Repeat the data in full. Drop every picture.

> [Data extract]:
= = =

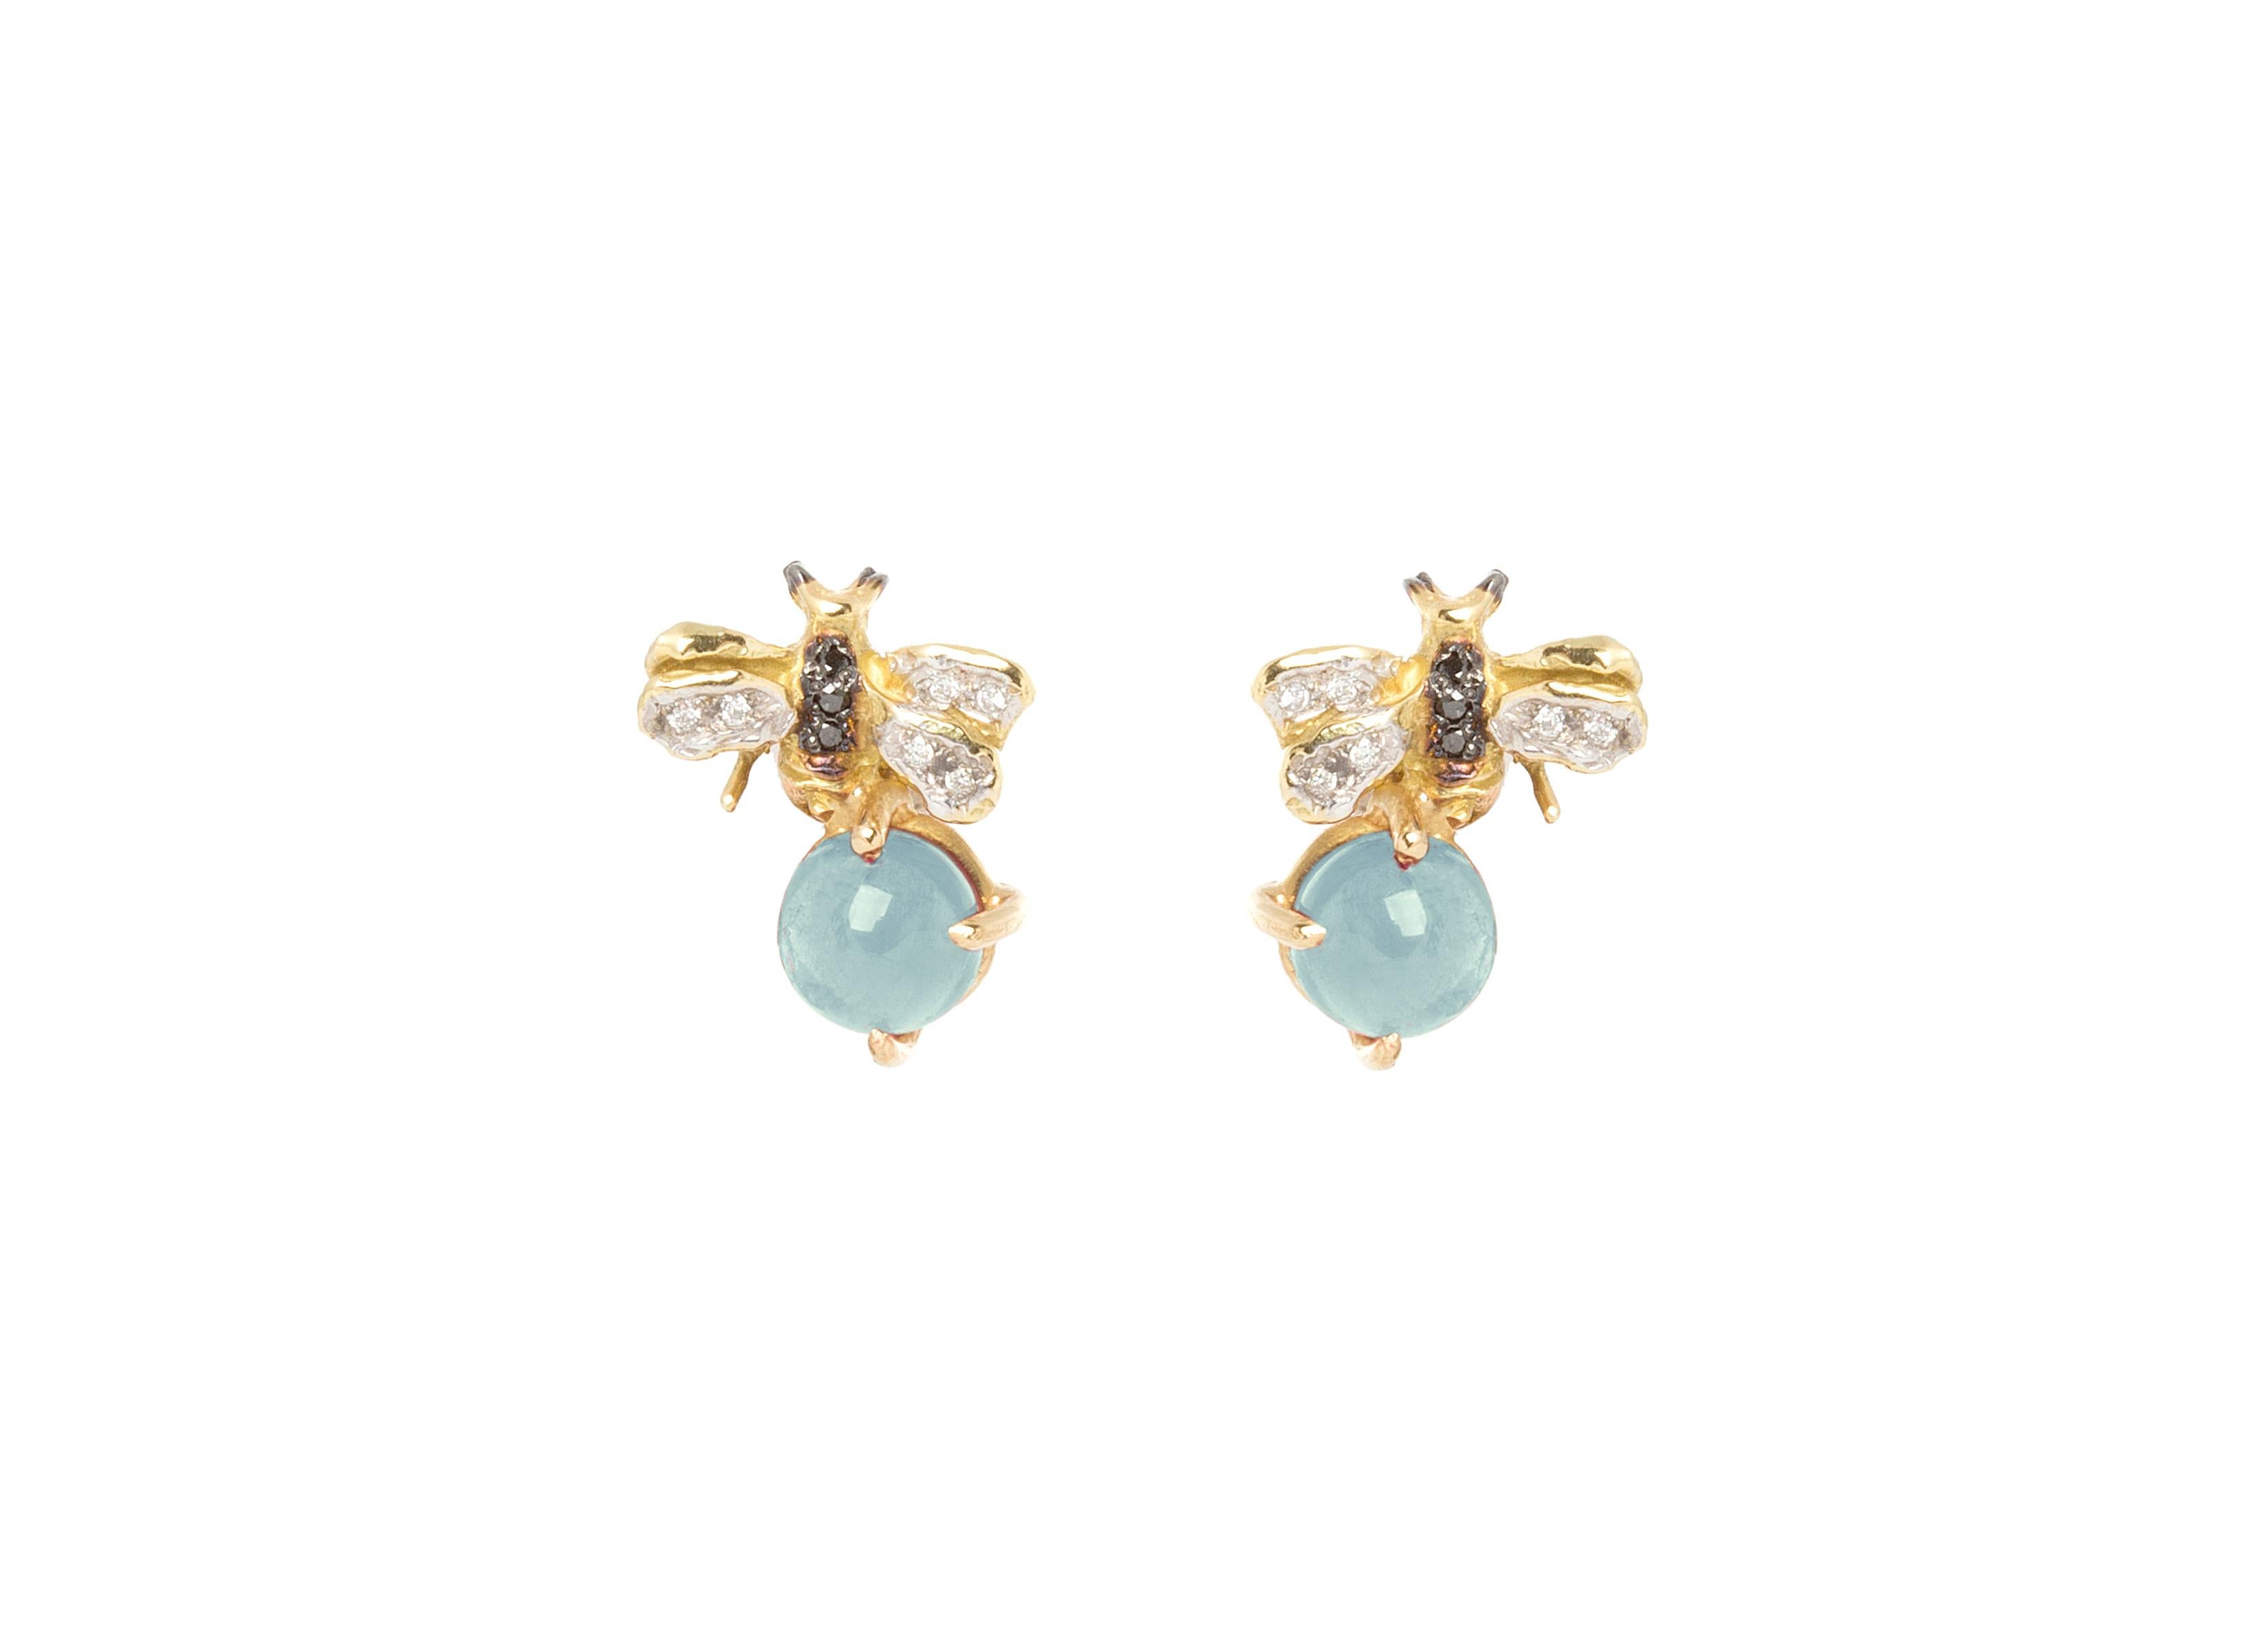 16 carat gold earrings
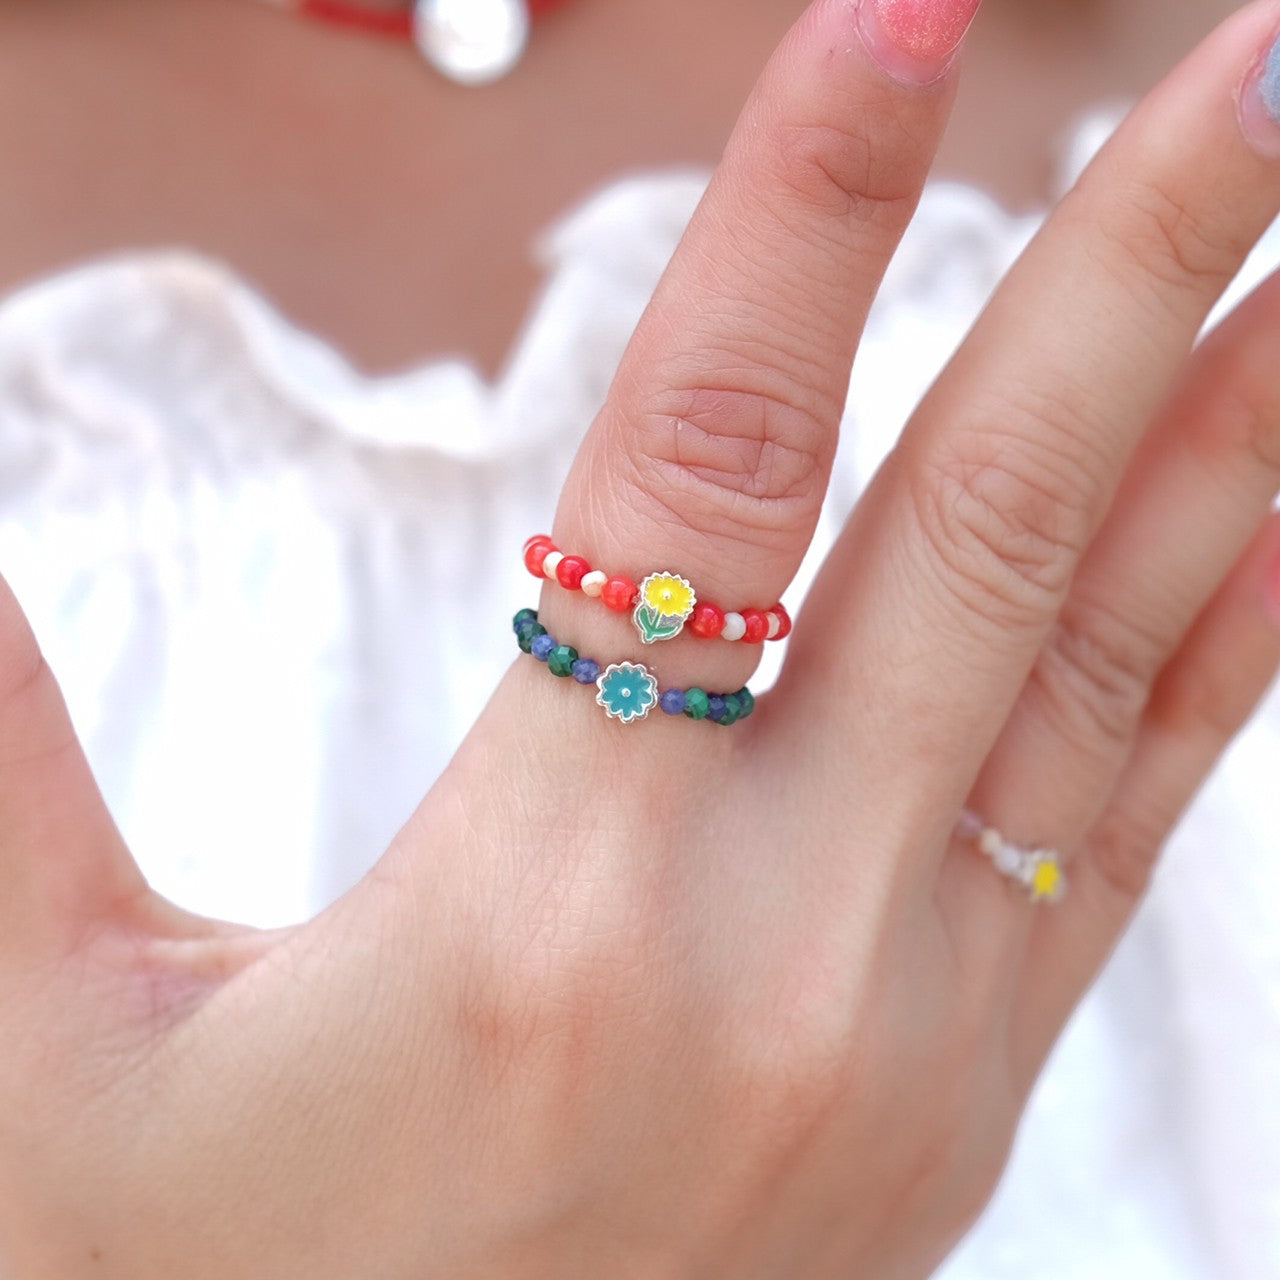 แหวนหินแท้ Moomin Flower
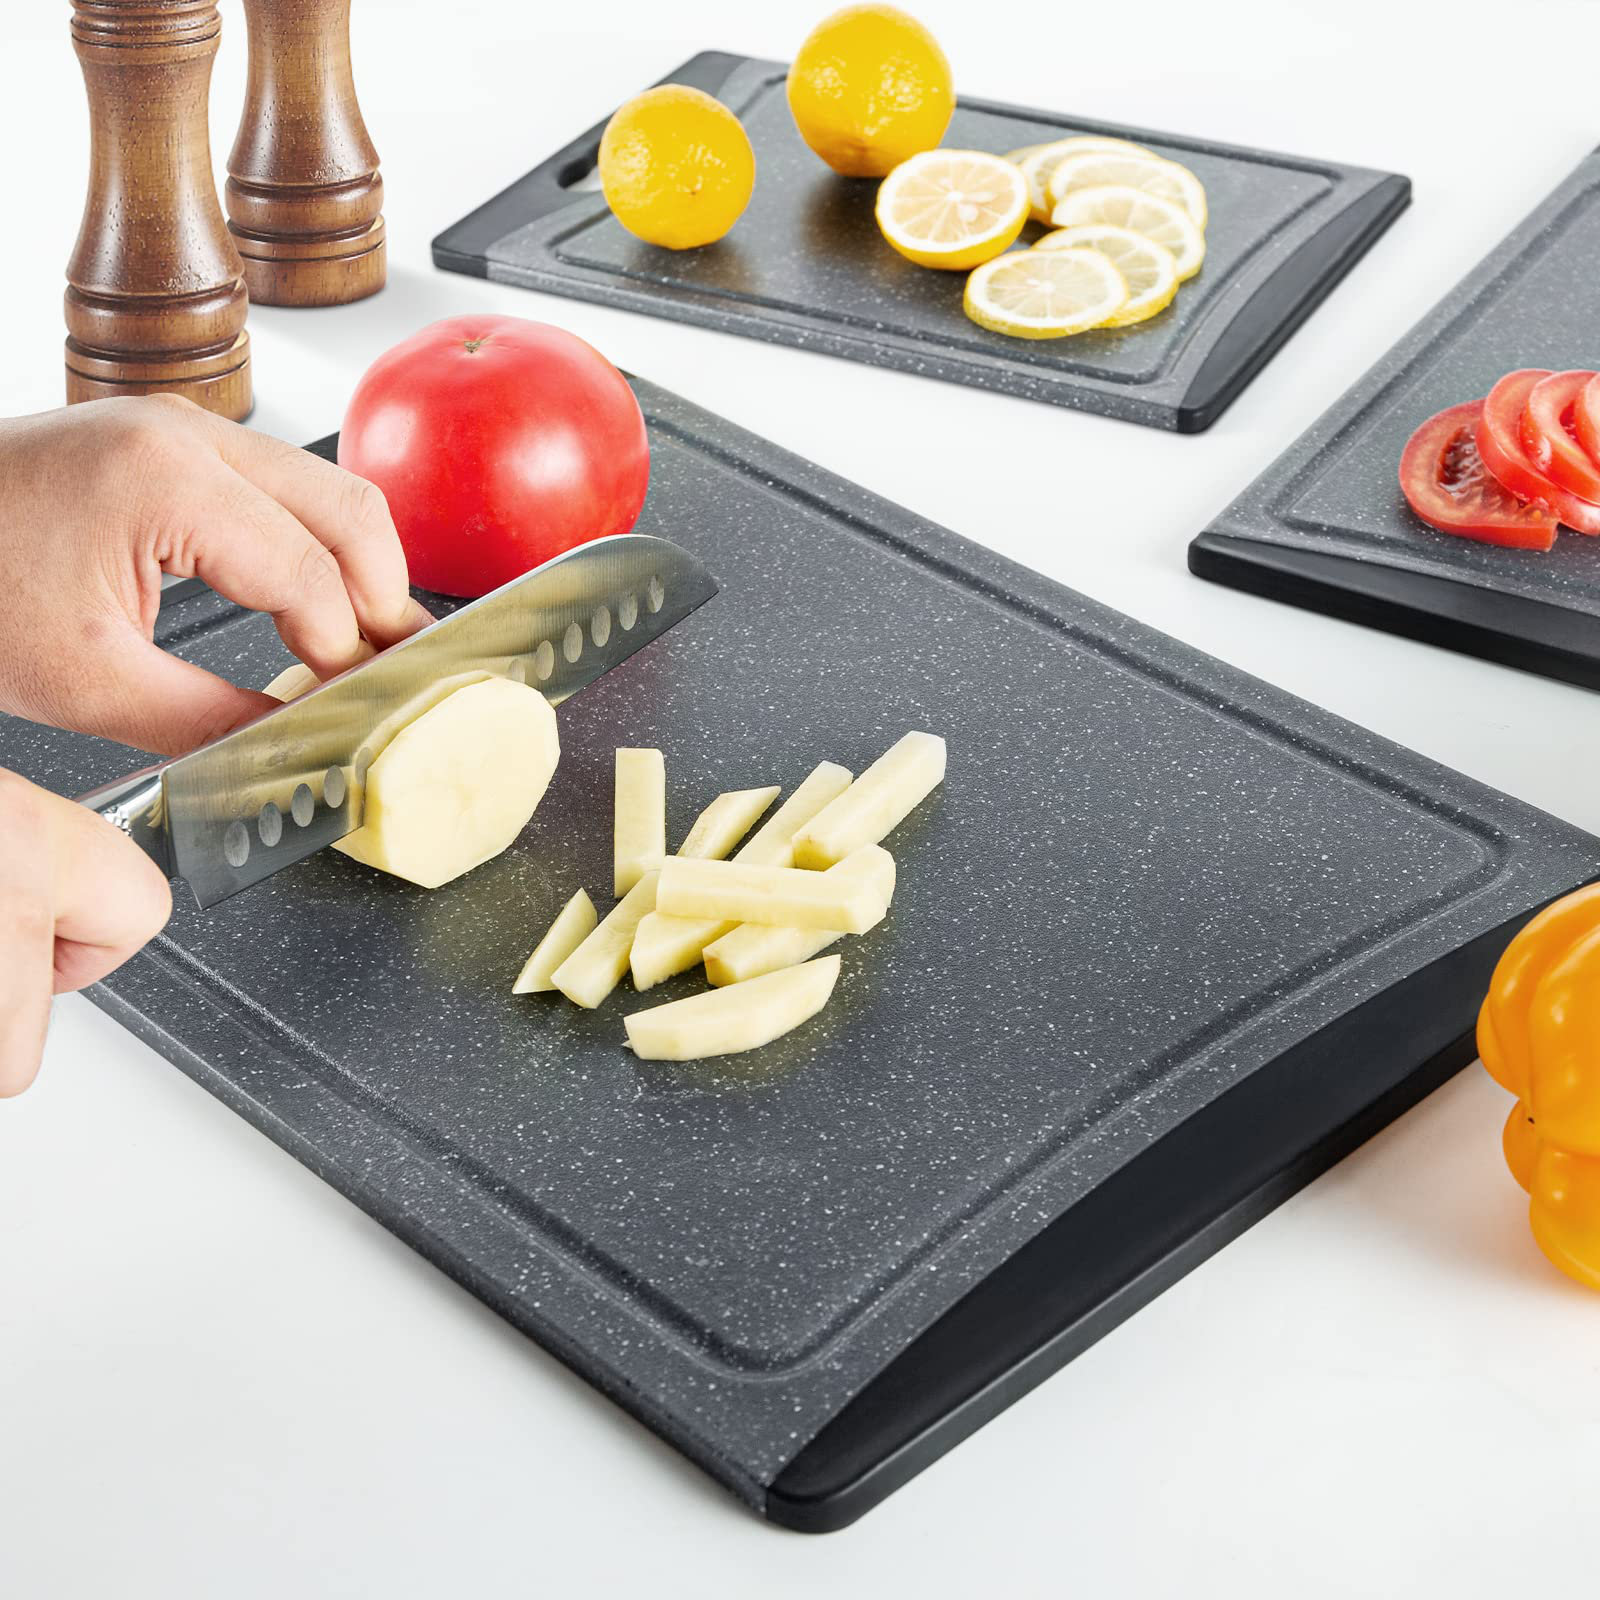  HENCKELS Cutting Board Set, 3pc, Grey: Home & Kitchen

= = =

> [Output of the exercise]:
 16 carat gold earrings
 แหวนหินแท้ Moomin Flower
  HENCKELS Cutting Board Set, 3pc, Grey: Home & Kitchen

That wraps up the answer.